They’d been working a case against him for possession of child sex abuse material.

What’s scary is that he was practically neighbors with the Warner family.

He was left a couple houses down on the corner, not the corner she walked by when she left,

the opposite corner.

While executing a search warrant on his house, police found the child sex abuse material,

but they didn’t find any evidence linking him to Leanna.

Police had interviewed Matthew during a neighborhood canvass the day after Leanna went missing,

and again four days later, and he said that he knew nothing about her.

They were able to arrest him and charge him for having the illicit material, but he got

out on bond.

And again, the entire time he denied having anything to do with Leanna going missing.

In mid-September, the day before Matthew was due back in court, three men practicing archery

on U.S. Forest Service land outside Chisholm found him dead in his pickup truck with a

bag over his head.

The coroner said that he died of suffocation and all signs pointed to him taking his own

life.

That news made everyone in the area even more suspicious that Matthew might have been involved

in what happened to Leanna.

But when police got a chance to search his truck and house again, they still found no

evidence linking him to her.

I mean nothing, not a hair, not a fiber, zip.

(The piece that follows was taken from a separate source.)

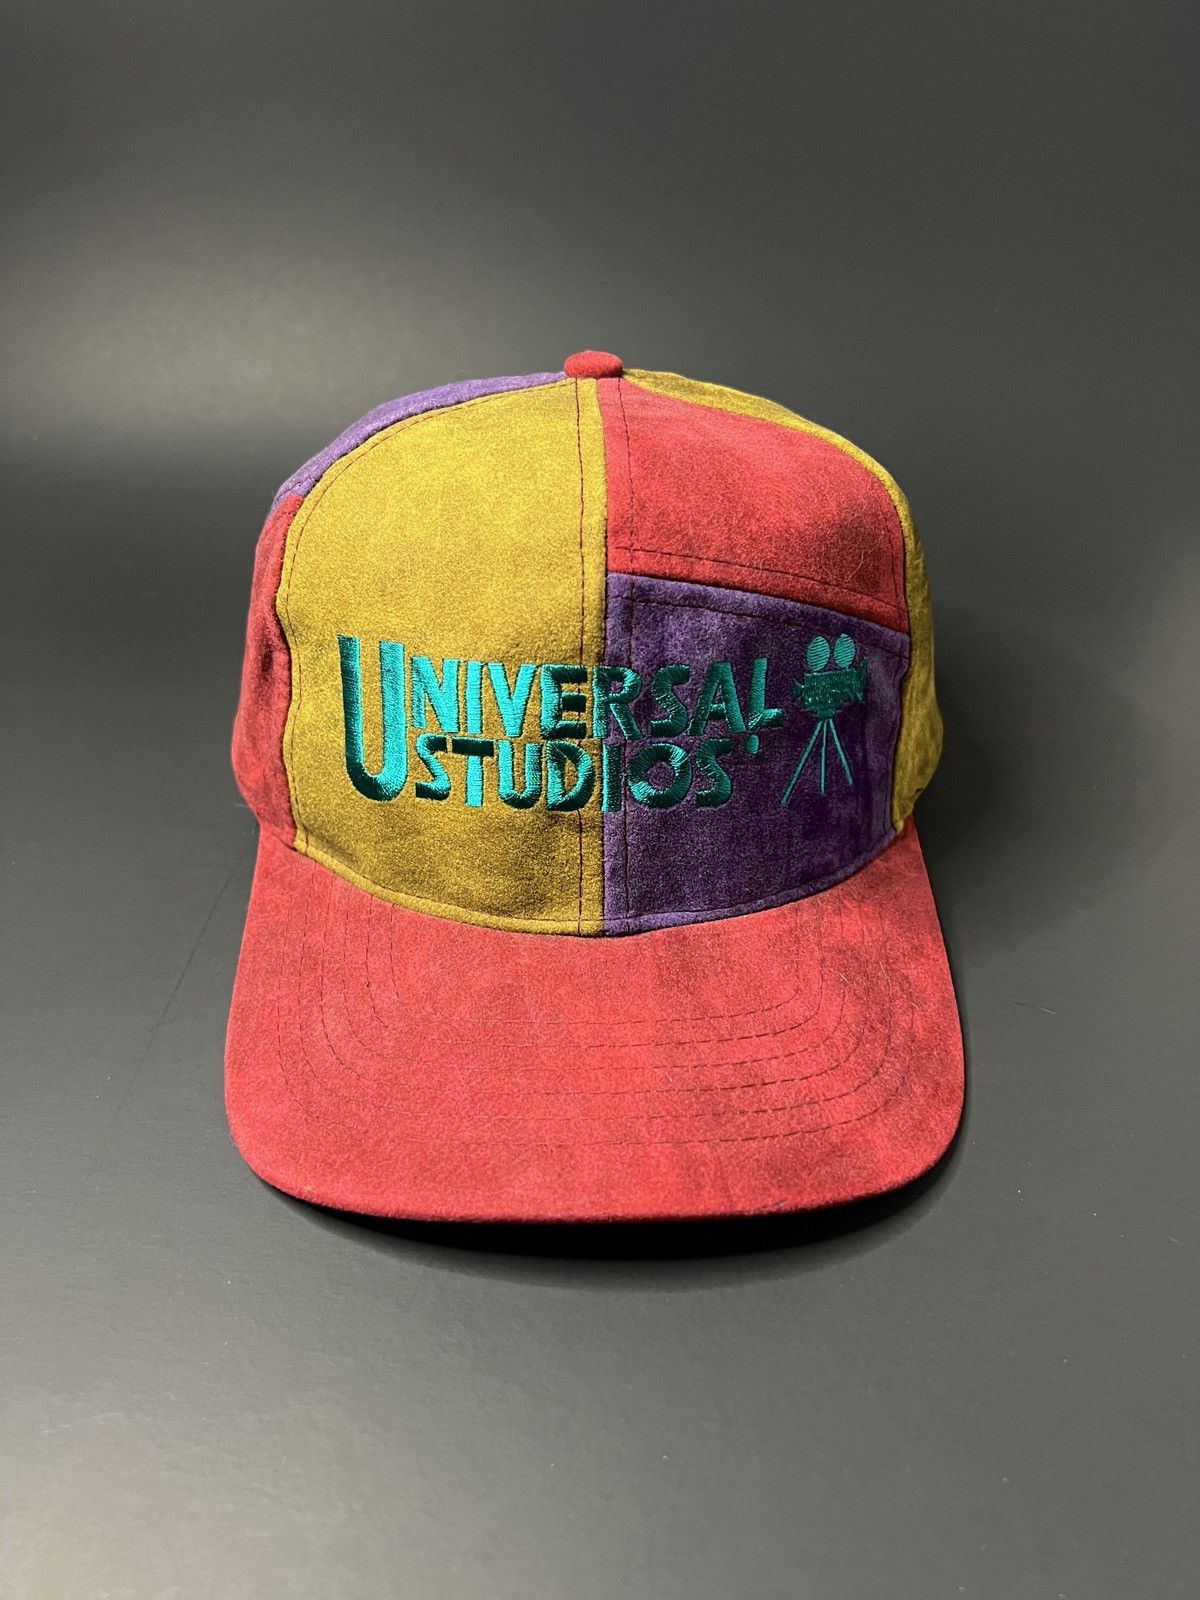 Vintage Vintage 90s Universal Studios Snapback Hat | Grailed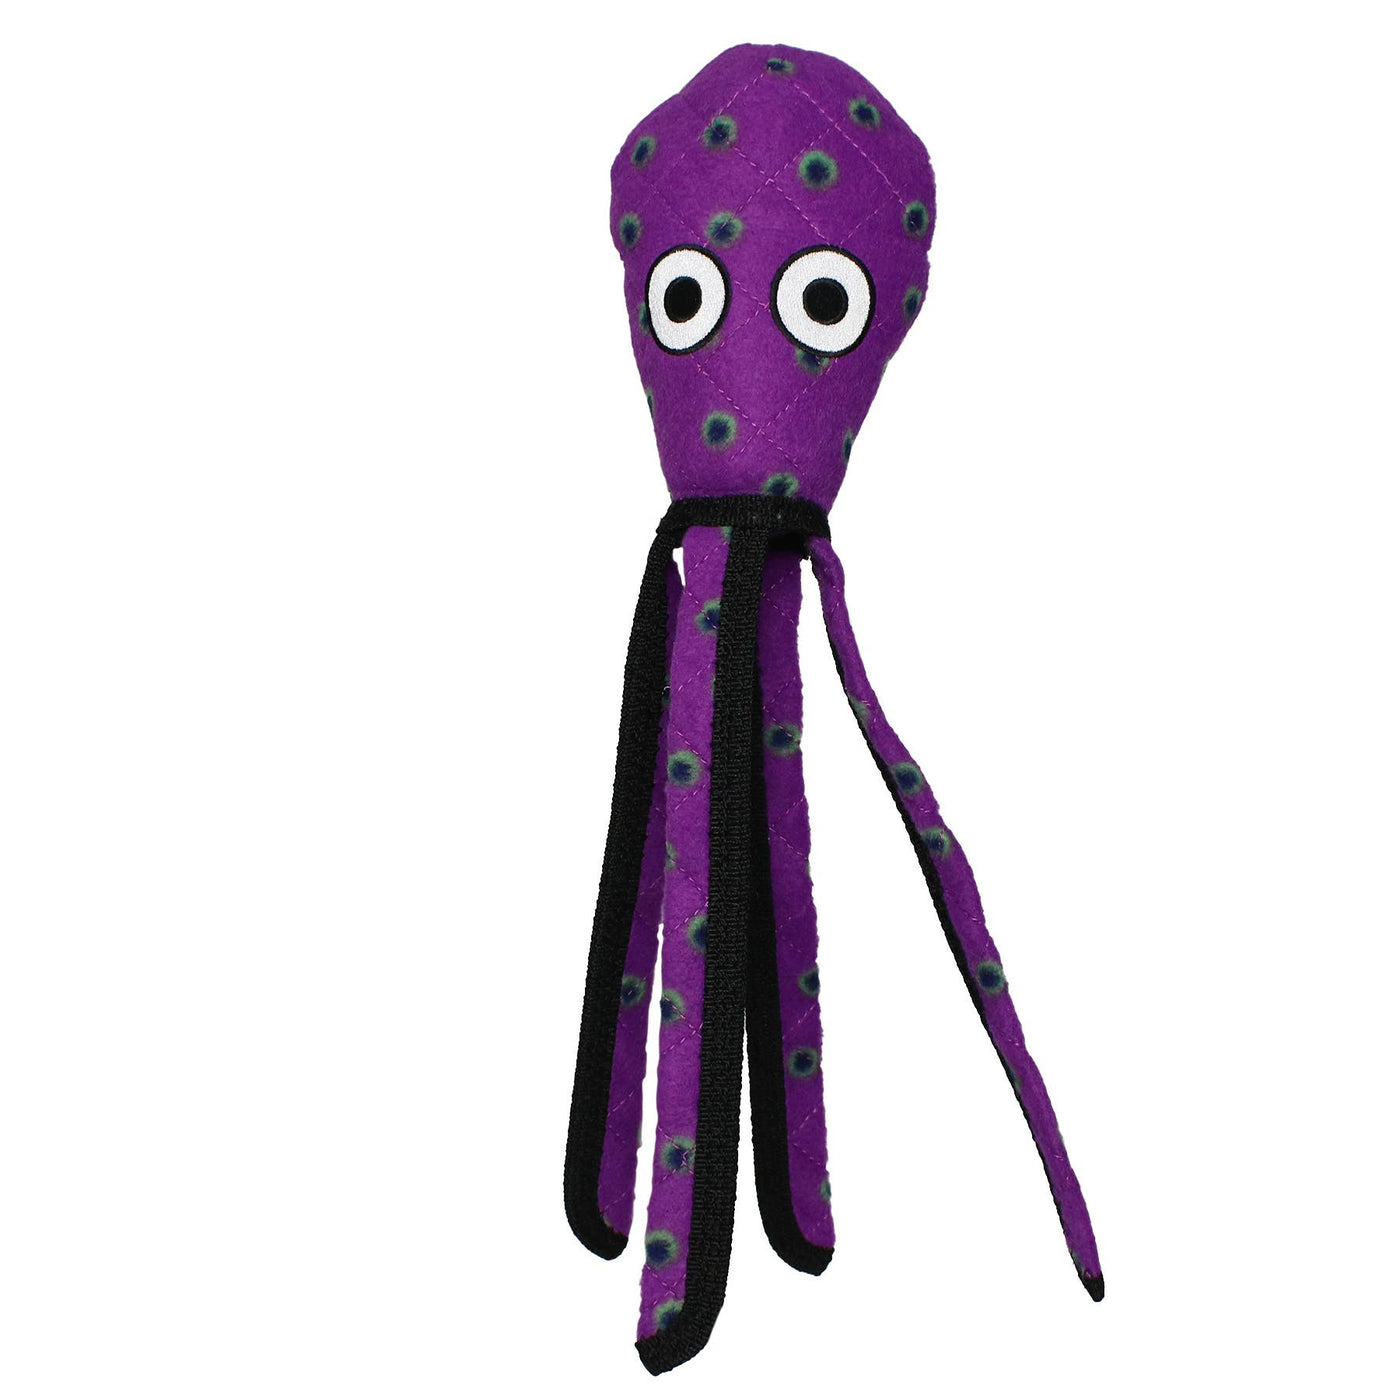 Tuffy Ocean Squid - Purple, Durable, Tough, Squeaky Dog Toy

Authorities had to chalk up the fact that he lived so close to her combined with his

charges as really just a strange coincidence.

North Manor said they never actually ruled Matthew out, but they also could never say

for sure that he had anything to do with her disappearance.

After Matthew’s death, investigators had to move on.

And by that time, they’d developed suspicions about another person of interest, a well-known

local criminal with a violent record named Bruce William Christensen.

Every time we get a lead, even if the lead seems to be regurgitated and the same lead

seems spun off, regurgitated, but a little bit of a twist on it, we investigate it because

it came from someone new, it came from…

So Bruce Christensen’s a great example of this.

Bruce’s name had come in from several tips that people had called into the police department’s

hotline.

The reports indicated that Bruce had seen Kaylin and Chris Warner out one night after

Leanna disappeared, and he screamed at them for people trying to blame him for what happened

to her.

When police tracked Bruce down and questioned him about the incident and what his alibi

was for the day Leanna vanished, he denied being involved, and provided a pretty solid

alibi.

And he was out of town, he was out of state, and family confirmed that.

By October, after getting all the necessary permits needed, investigators partially drained

Longyear Lake, which is where the dogs had picked up Leanna’s scent.

Now, none of the aerial searches had detected a body being in the lake, but to eliminate

the possibility of her having drowned, police wanted to do a really thorough search.

By this time, winter was creeping in, as it does every fall in northern Minnesota, so

they were almost done draining the lake when the water started to freeze over.

Because of that, they had to conduct the search with some water still in the lake, but from

a helicopter investigators could see all the way to the bottom, and Leanna’s body wasn’t

there.

No bodies were.

Because of the cold weather and lack of information coming in, police scaled back the search for

Leanna.

But the investigation into what happened to her continued.

They forged on tracking down and corroborating alibis for area sex offenders, and they worked

diligently to try to confirm all of those.

But around this time, the department got a frantic 911 call that made them pause.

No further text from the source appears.